Изменить стиль страницы

Глава девятая. Усекновение мечты

Мокрая сирень. Грозди ароматные, пышные, почти съедобные на вид, только что принесенные из-под дождя и поставленные в вазу Дашиной дачной комнатушки. Приходит вздорная мысль: «А не сварить ли сиреневое варенье? Наверняка будет вкусно, а главное — красиво».

Вечером Даша накроет на стол на веранде. С настоящим угольным самоваром чай у них будет на столе. С дымком и утробным самоварным пением-сопением. В розетках варенье необычного цвета. Аполлон скажет: «Какое странное варенье». А Даша ему ответит: «Весеннее. Сиреневое. Из роз — летнее. А это весеннее. Специально для не очень серьезных композиторов».
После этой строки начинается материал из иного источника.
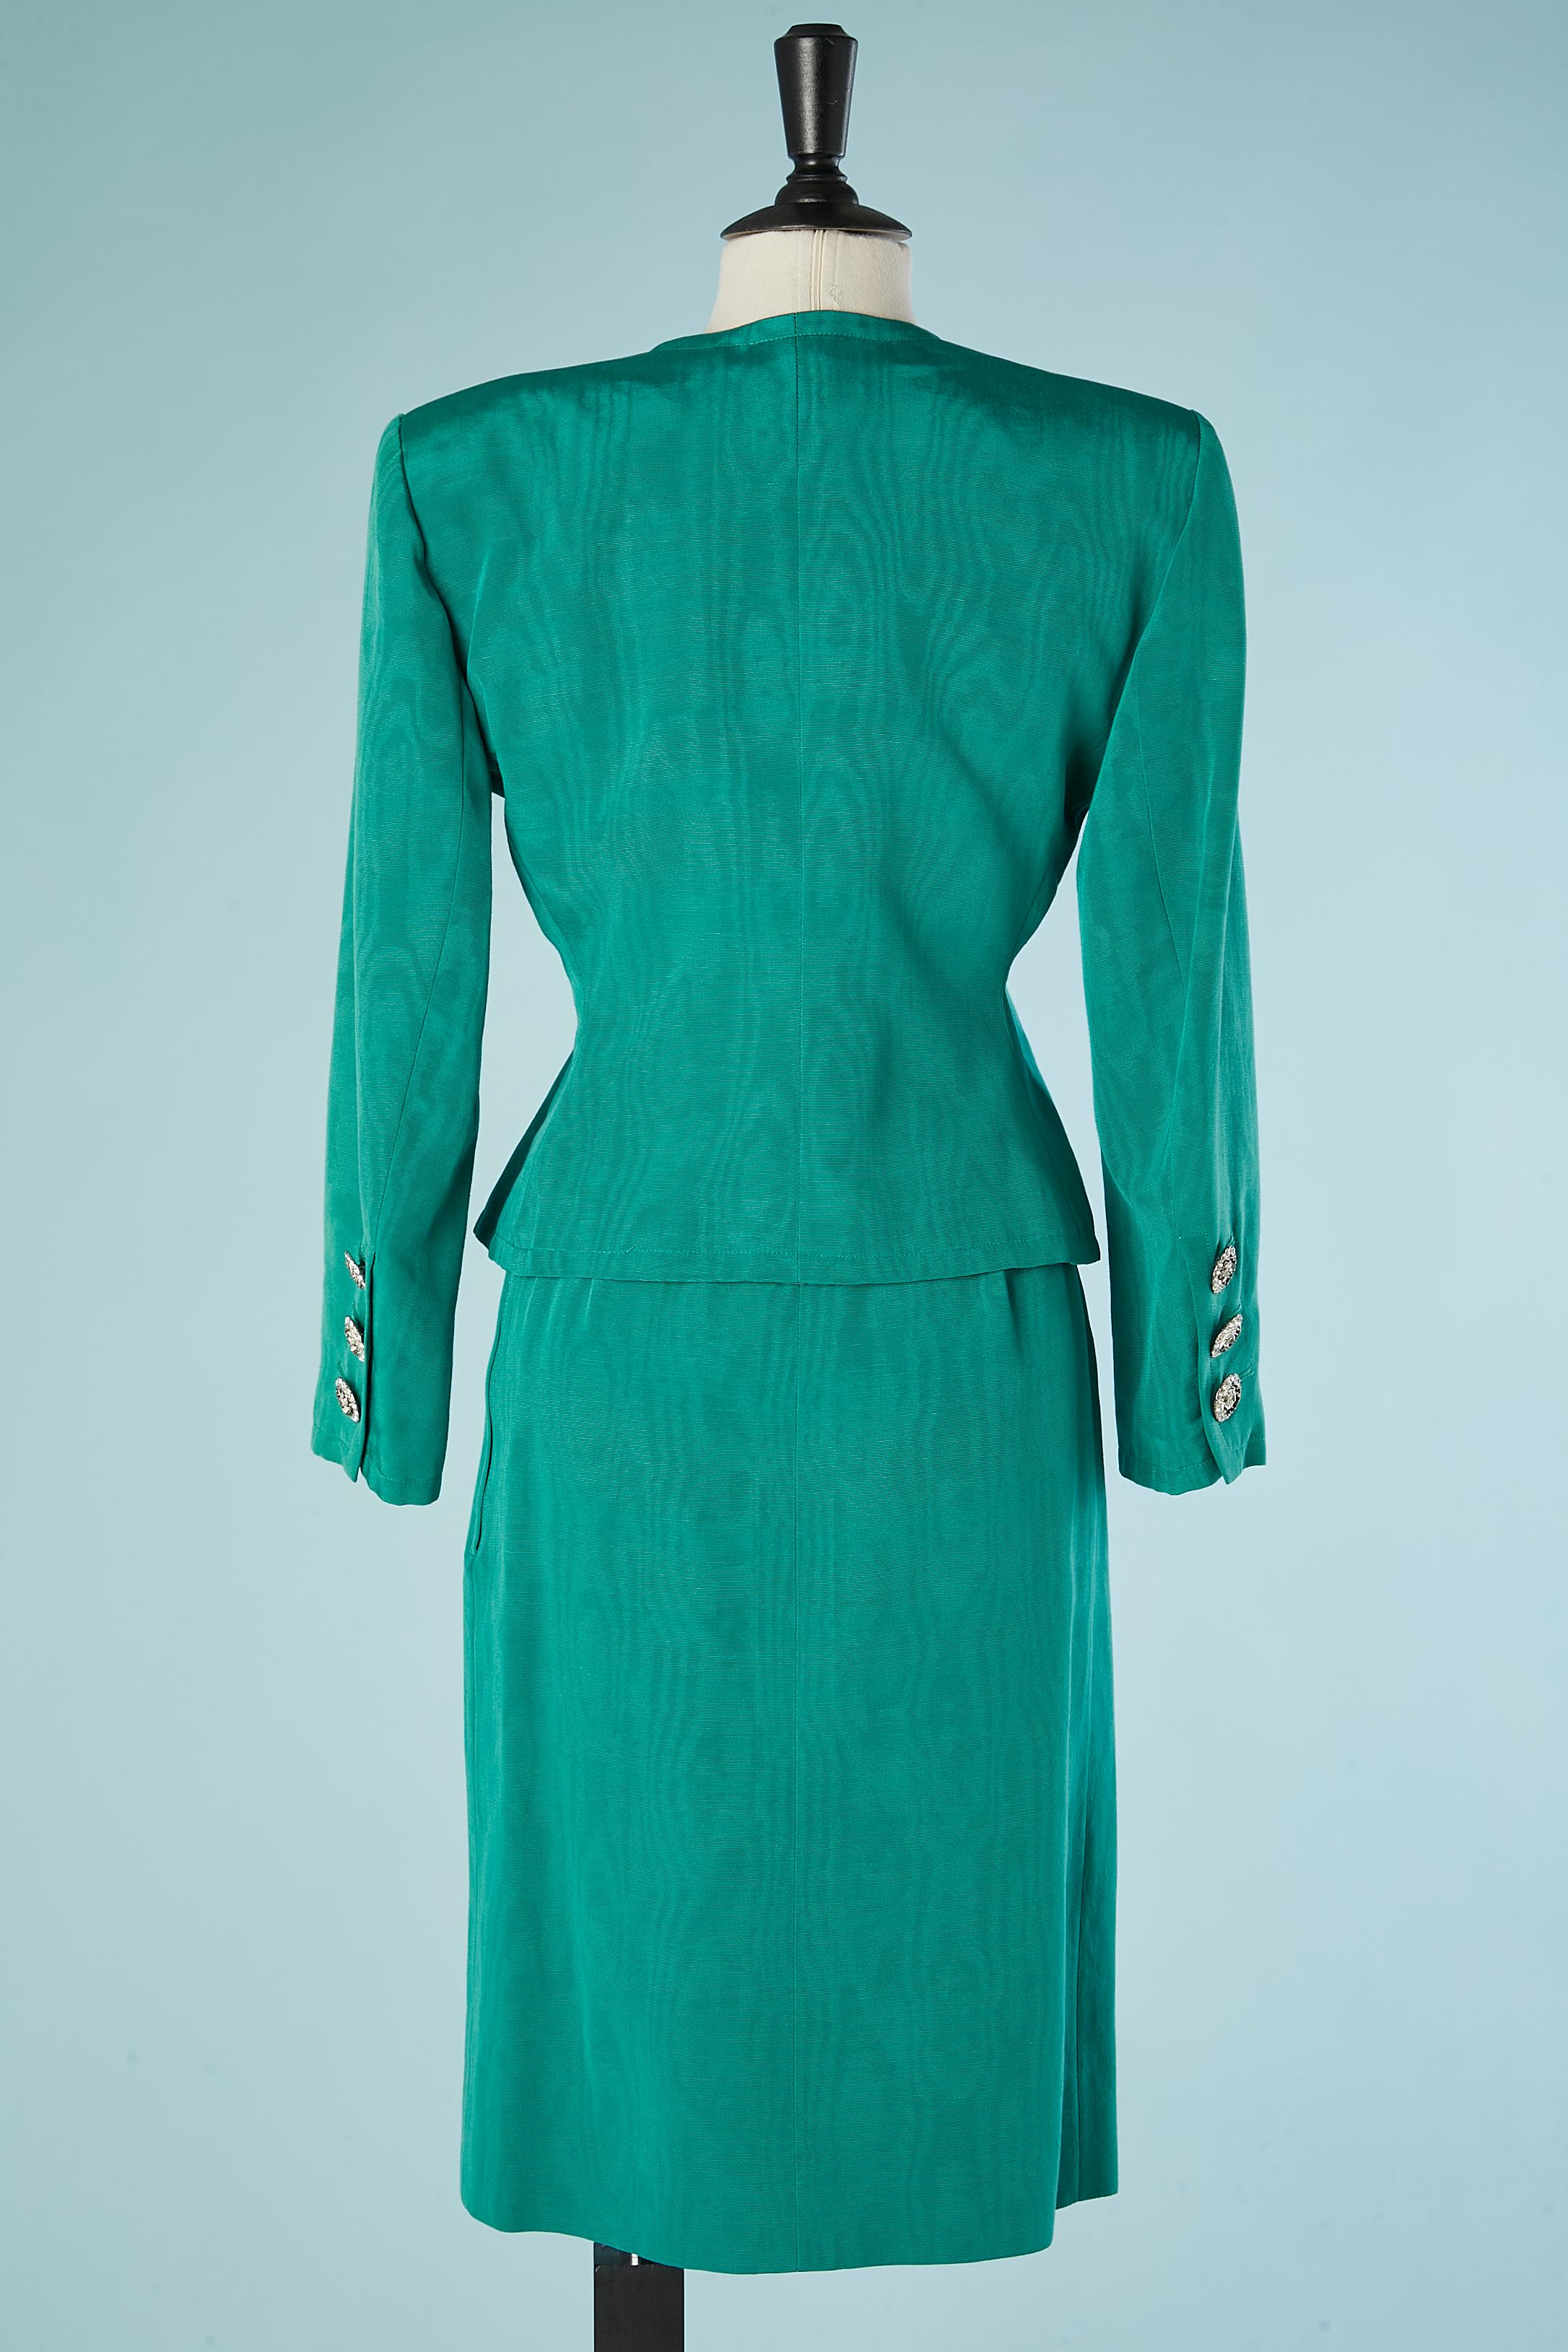 Green Ottoman evening skirt-suit  Saint Laurent Rive Gauche  For Sale 3

Где-то снаружи, в залихватских, мускулистых небесах погромыхивал гром, набегали скоростные, подгоняемые высотным воздушным потоком тучи, словно из пульверизатора посыпавшие дачный сад, крышу островерхого дома, умытые, набрякшие по концам ветвей молодыми побегами сосны, окружавшие дом, темно-зеленым гривастым караваном уходившие вдоль берега залива и прятавшие под своей ароматной сенью целые дачные поселки.
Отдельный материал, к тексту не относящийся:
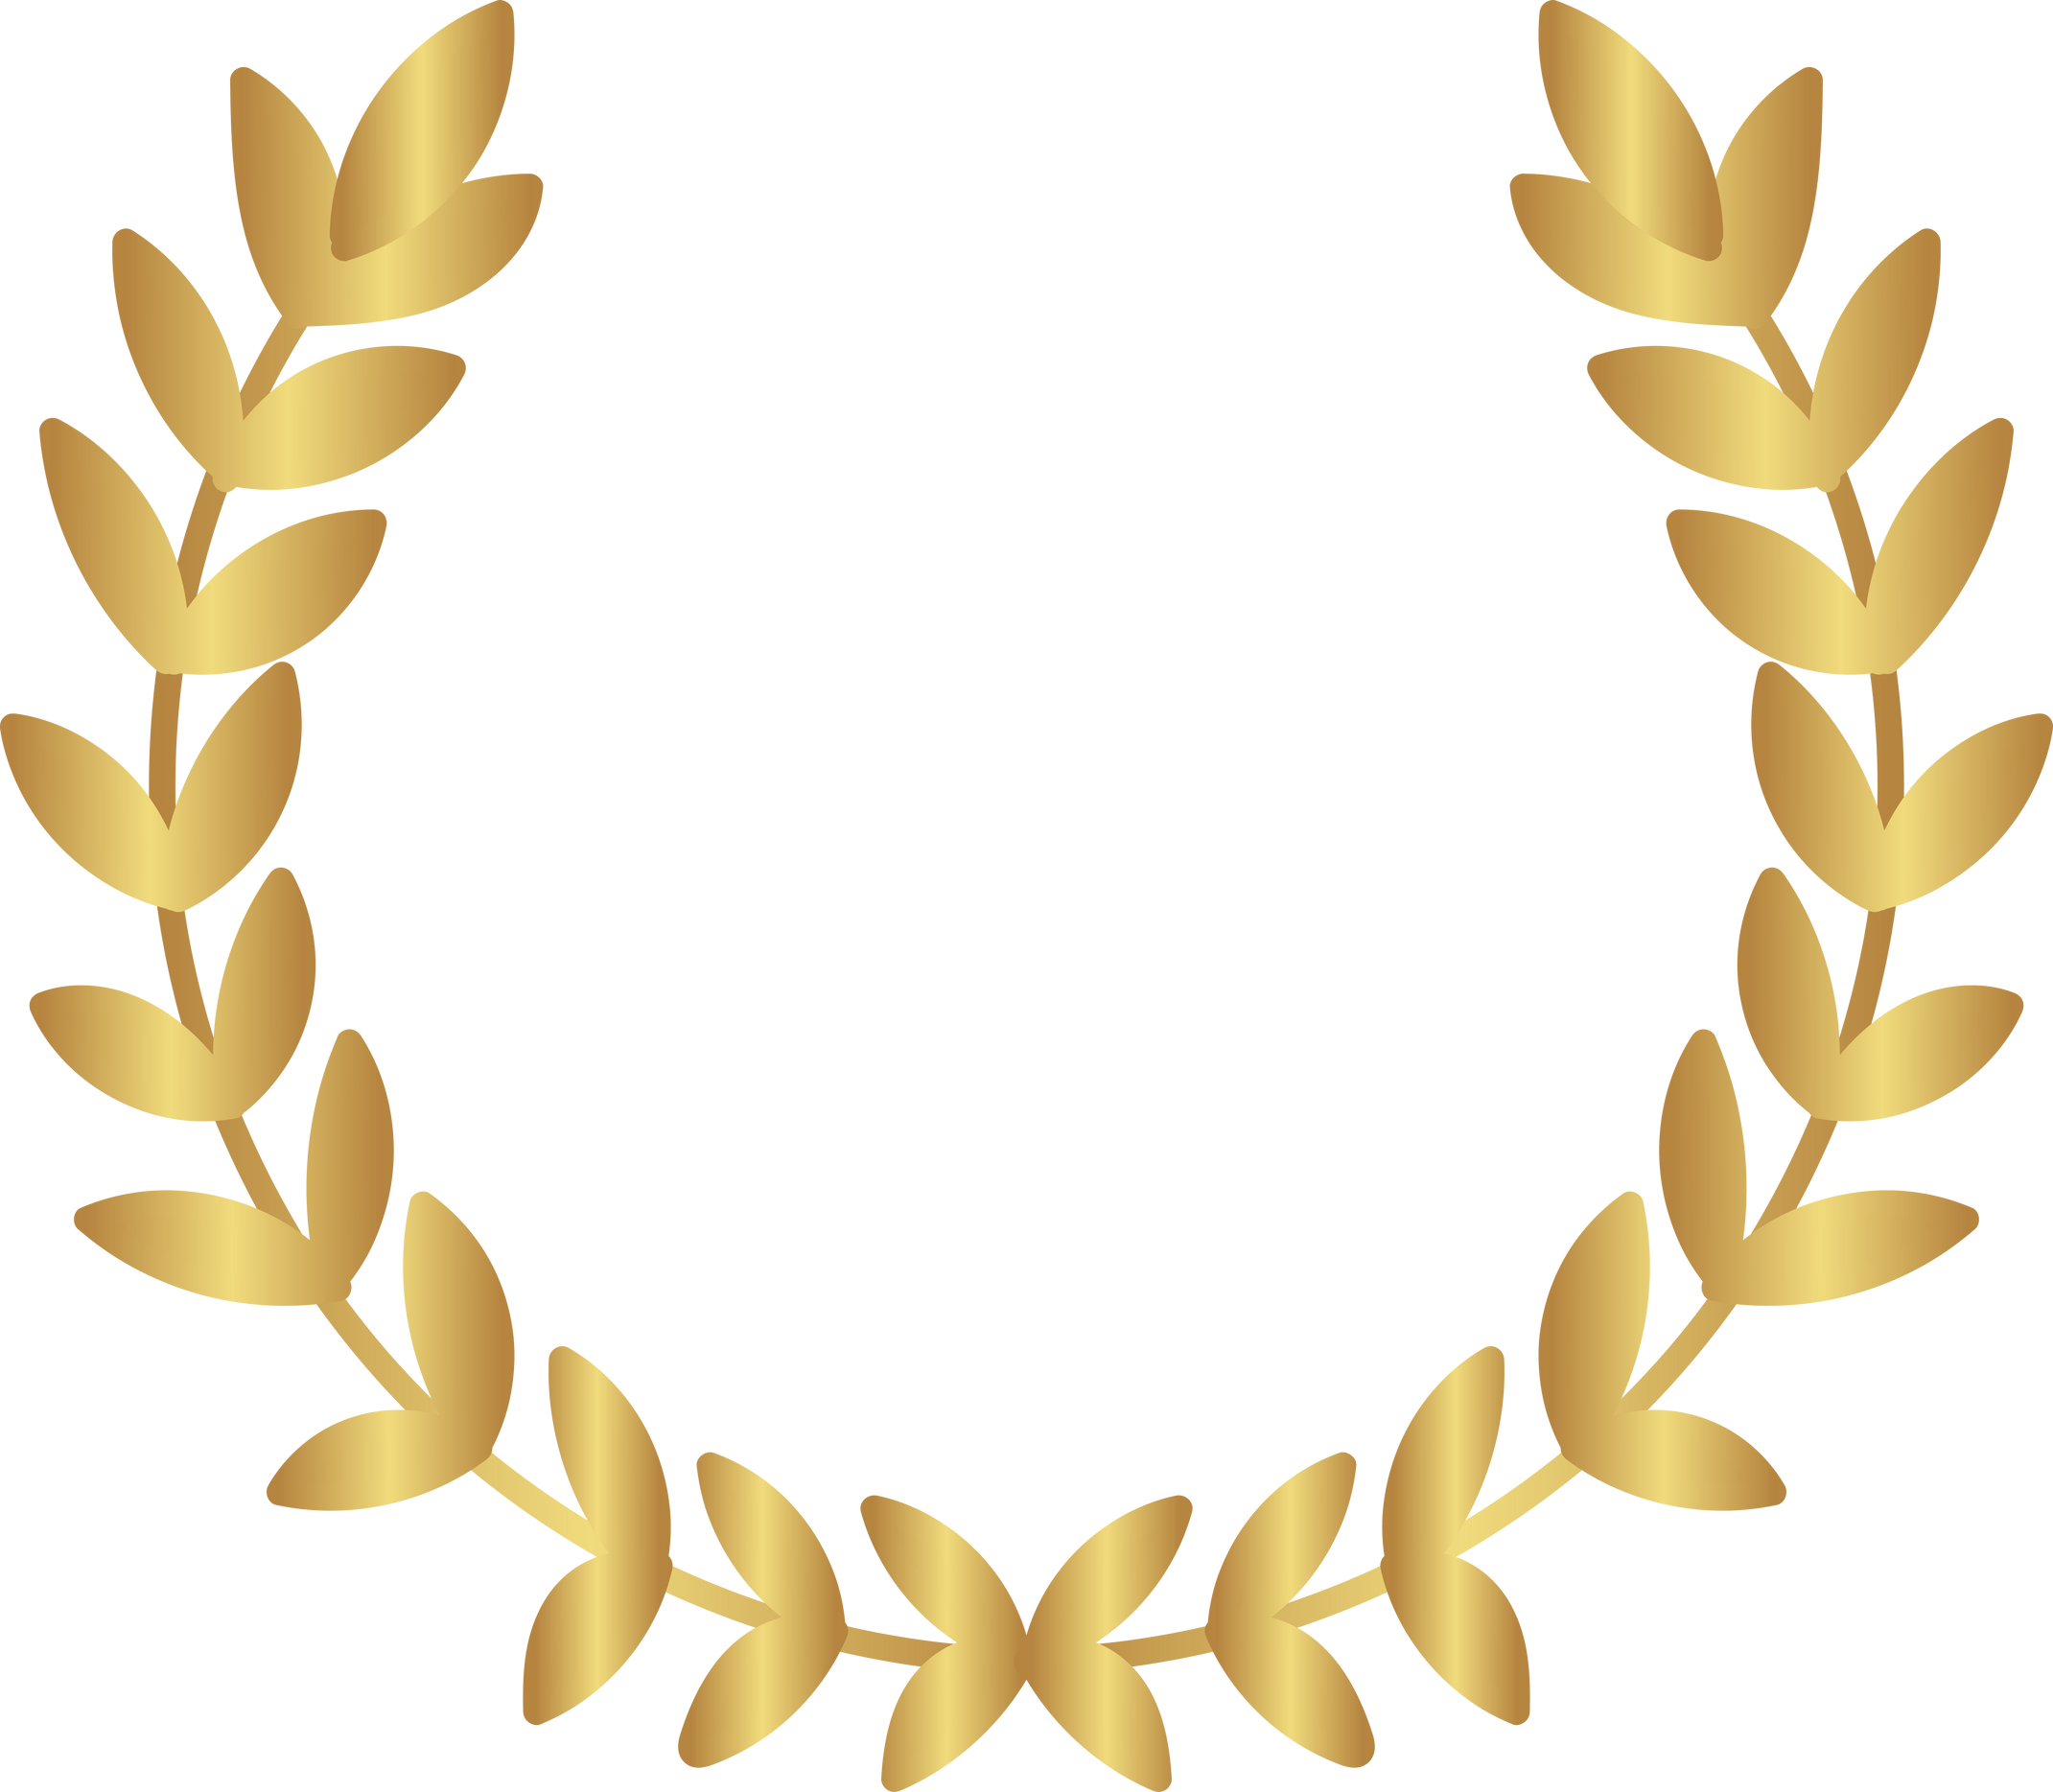 Golden Award Laurel Wreath

За стеной Дашиной комнаты, а точнее за матерчатой занавеской, заменявшей дверь в перегородке, послышалось старческое покряхтывание, нашпигованное искрами смеха, переходящего в деловое гугнивое бормотание. Это проснулся Платоша, Дашин сынок, мальчонка весьма забавный, которого Даша наблюдала еще в девических снах много лет подряд, к которому давно привыкла заочно и повадки которого предсказала заранее.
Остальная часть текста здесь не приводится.